Exaucé Mayombo

Personal information
- Full name: Exaucé Mayombo
- Date of birth: 23 August 1990 (age 35)
- Place of birth: Berlin, Germany
- Height: 1.88 m (6 ft 2 in)
- Position: Forward

Youth career
- 0000–2006: SV Tasmania-Gropiusstadt 1973
- 2006–2008: VfL Wolfsburg
- 2008: Tennis Borussia Berlin
- 2008–2009: FC Carl Zeiss Jena

Senior career*
- Years: Team / Apps / (Gls)
- 2009–2011: FC Carl Zeiss Jena / 22 / (2)
- 2009–2011: FC Carl Zeiss Jena II / 37 / (20)
- 2011–2012: Dynamo Dresden II / 5 / (2)
- 2015–2016: Schönwalder SV / 6 / (0)
- 2017: FK Srbija Berlin II / 1 / (0)
- Total:  / 71 / (24)

= Exaucé Mayombo =

German-Congolese footballer

Exaucé Mayombo (born 23 August 1990) is a German–Congolese retired footballer who played as a centre forward.

== Career ==
Mayombo started his career in the youth section of the SV Tasmania-Gropiusstadt 1973. In July 2006 he scouted was by VfL Wolfsburg, but only 18 months later he moved back to his hometown and signed a contract with Tennis Borussia Berlin, where he scored five goals in seventeen games.

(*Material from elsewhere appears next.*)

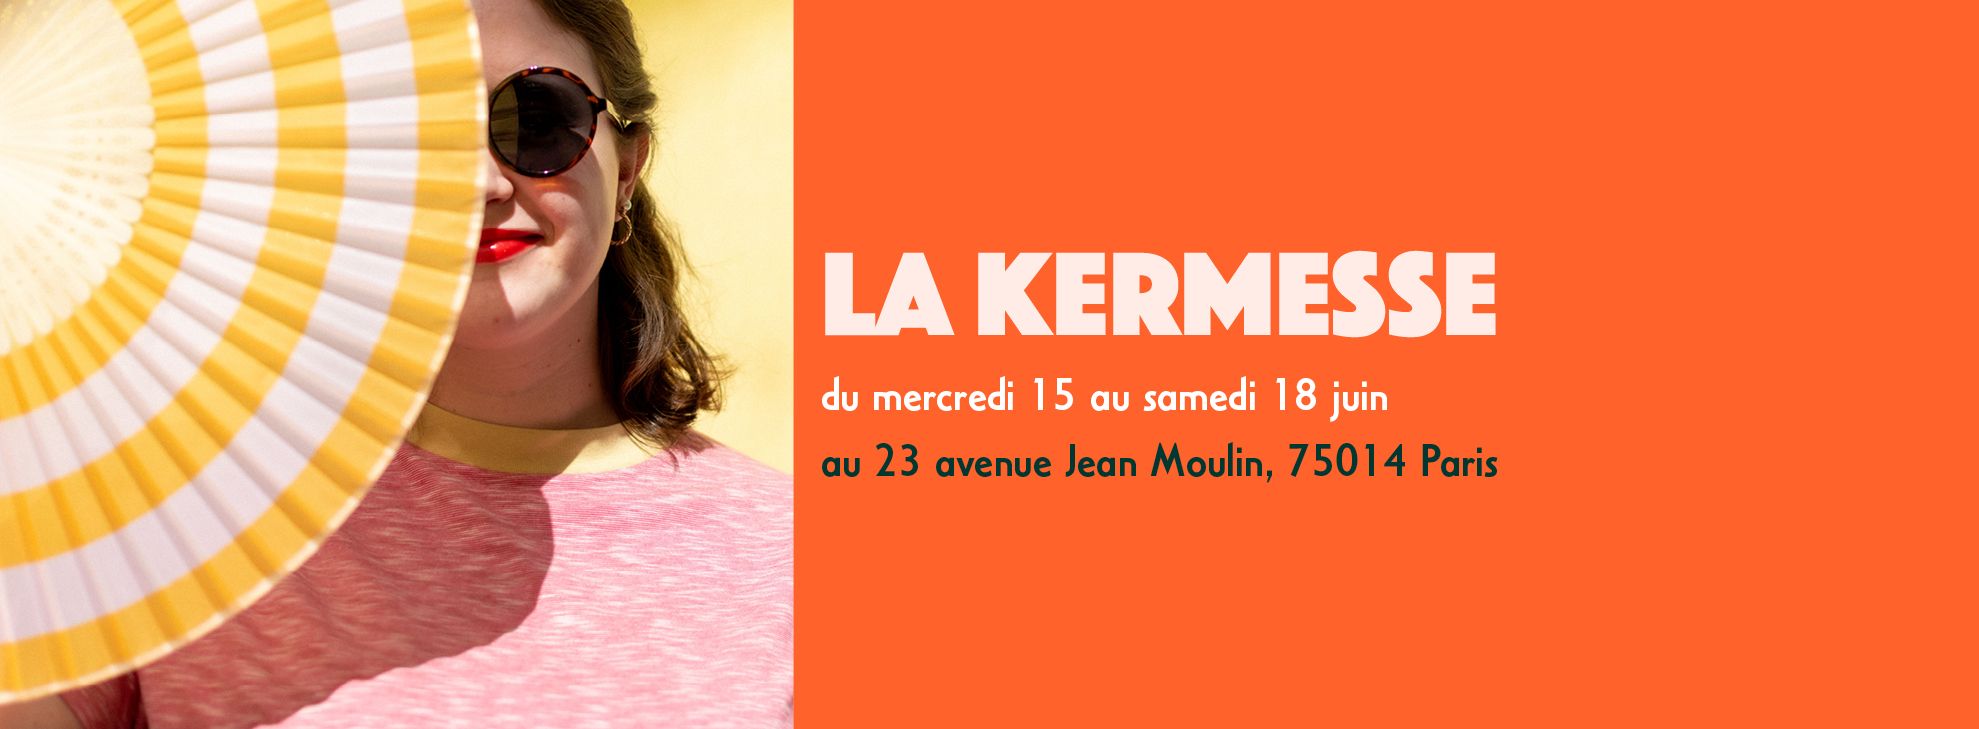 La kermesse Artesane, du 15 au 18 juin au 23 avenue Jean Moulin, Paris 14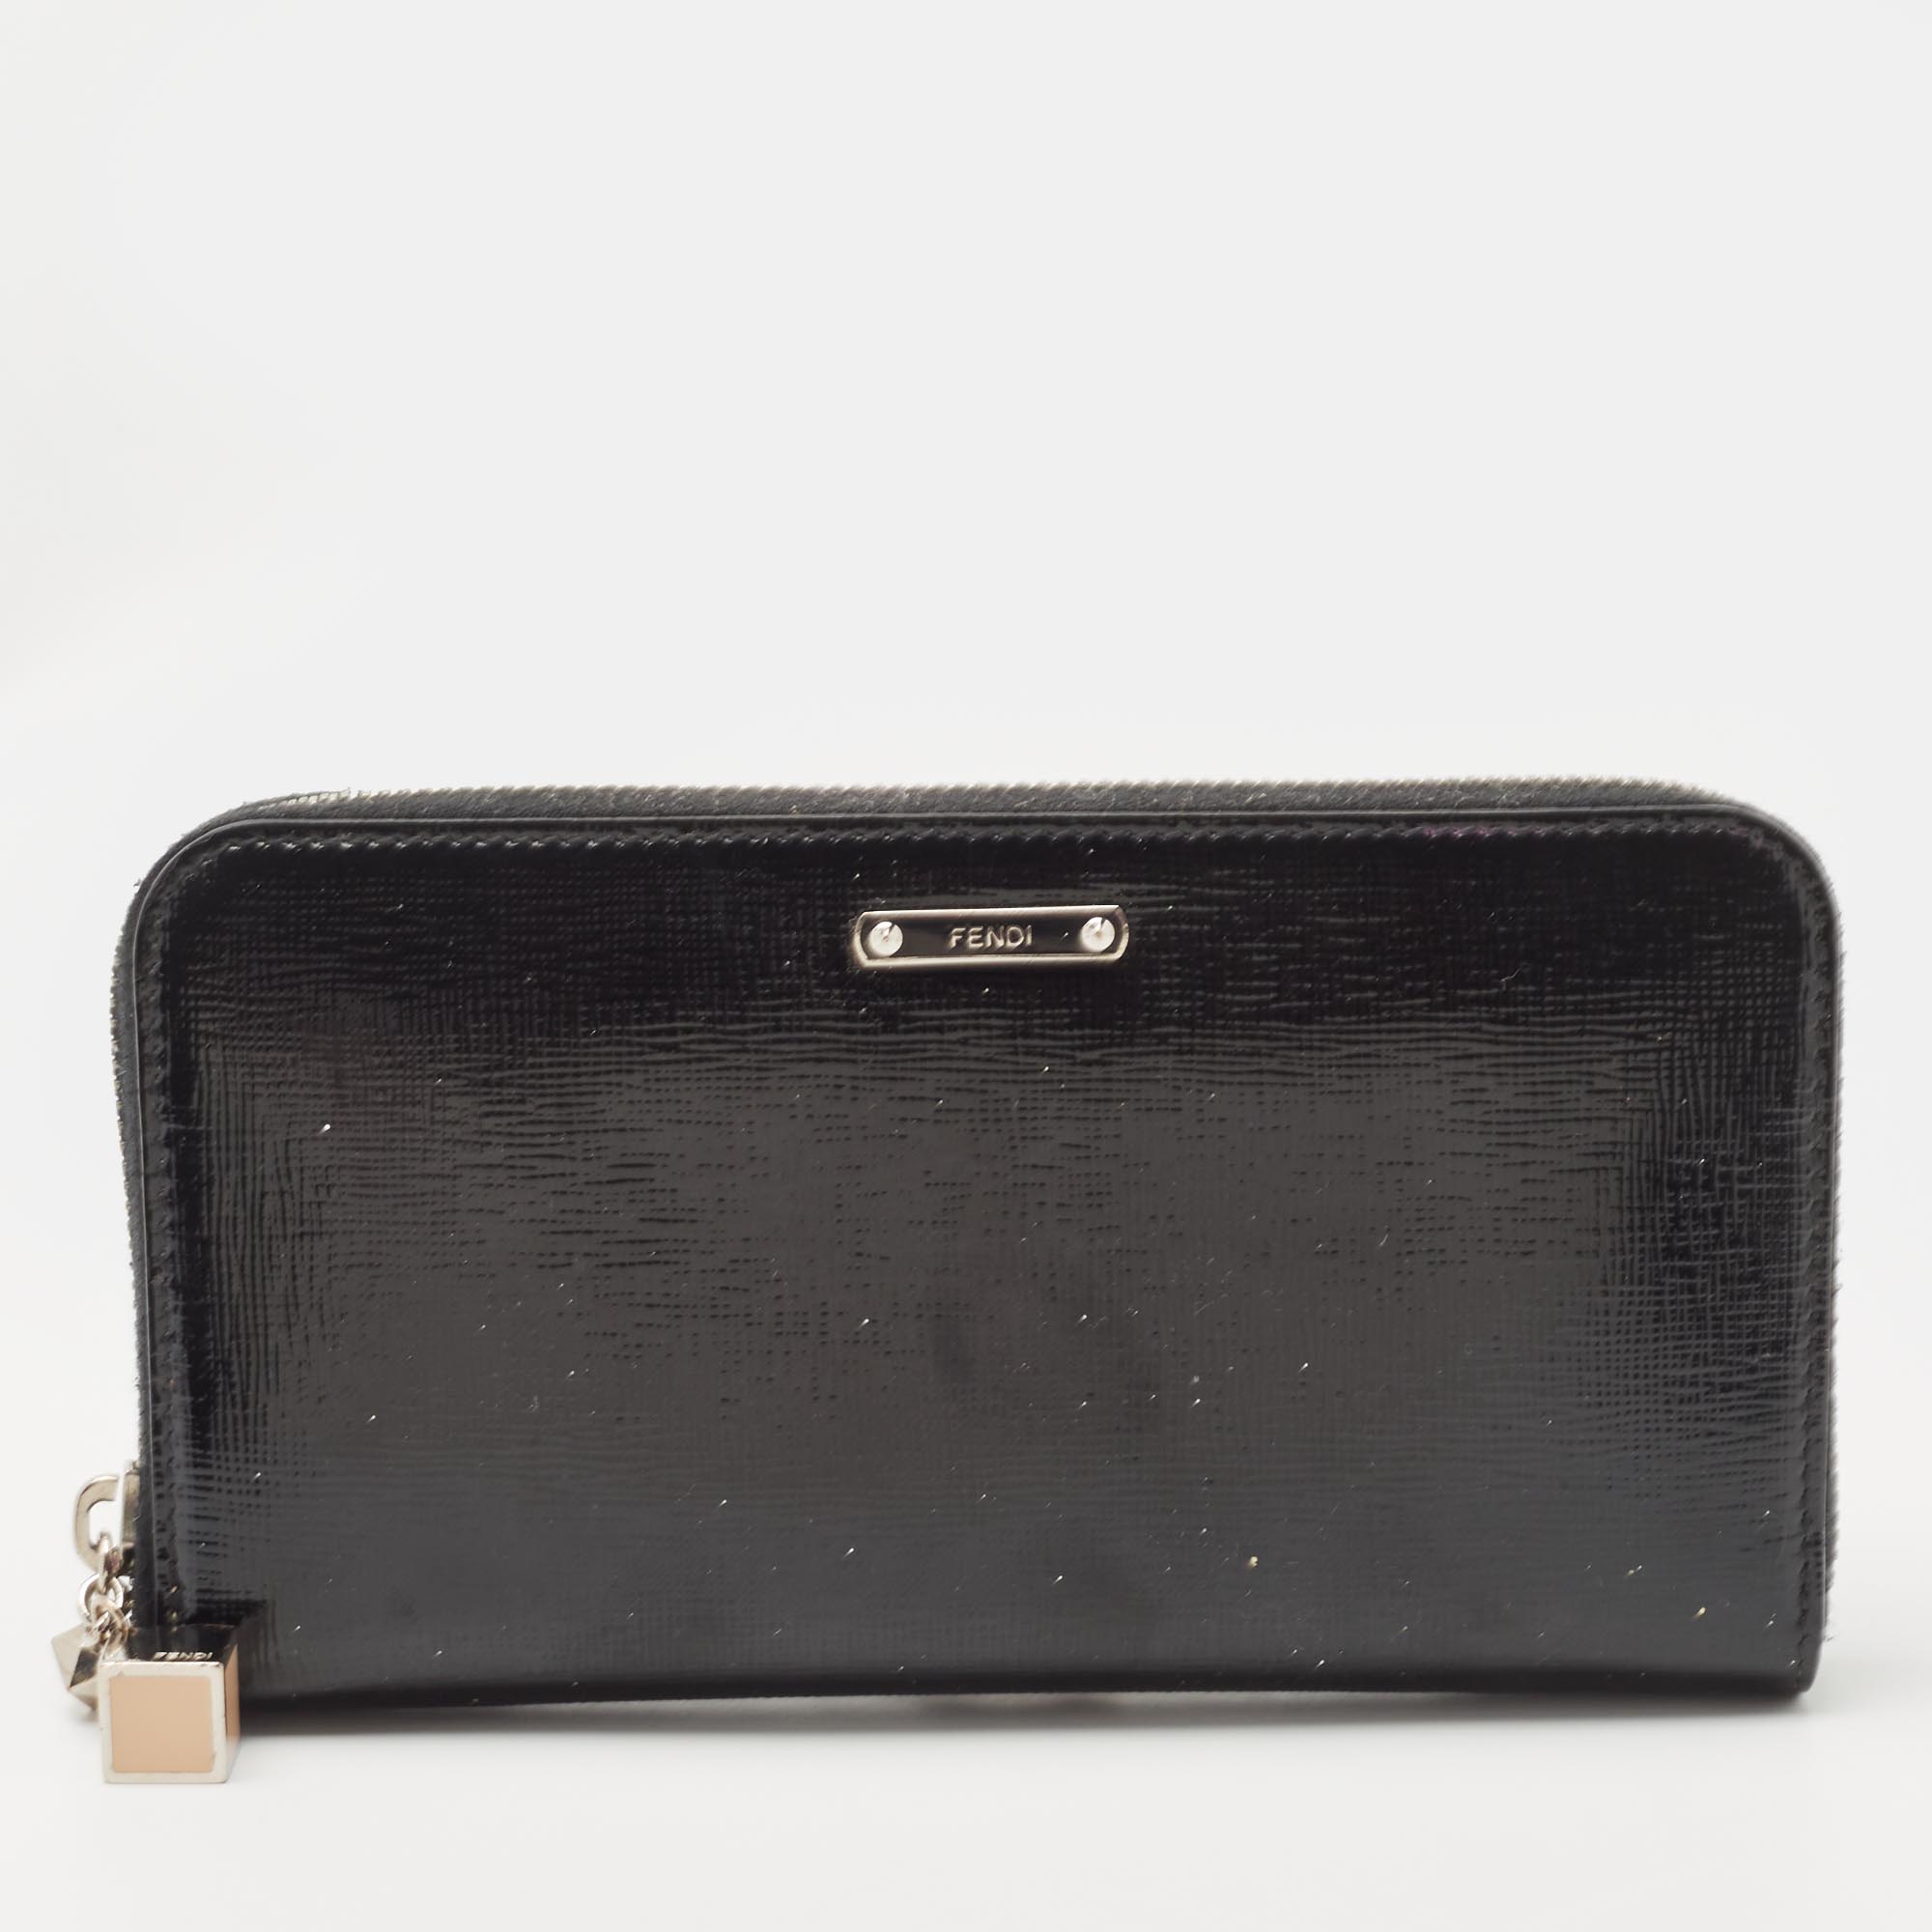 

Fendi Black Patent Leather Zip Around Wallet

In July 2008 Mayombo joined to FC Carl Zeiss Jena. After scoring six goals in eleven Under 19 Fußball-Bundesliga games he was promoted to the first team in January 2009. In August 2011 he left Jena and signed a contract with Dynamo Dresden II. He was released by Dynamo after one season, but returned to the club six months later.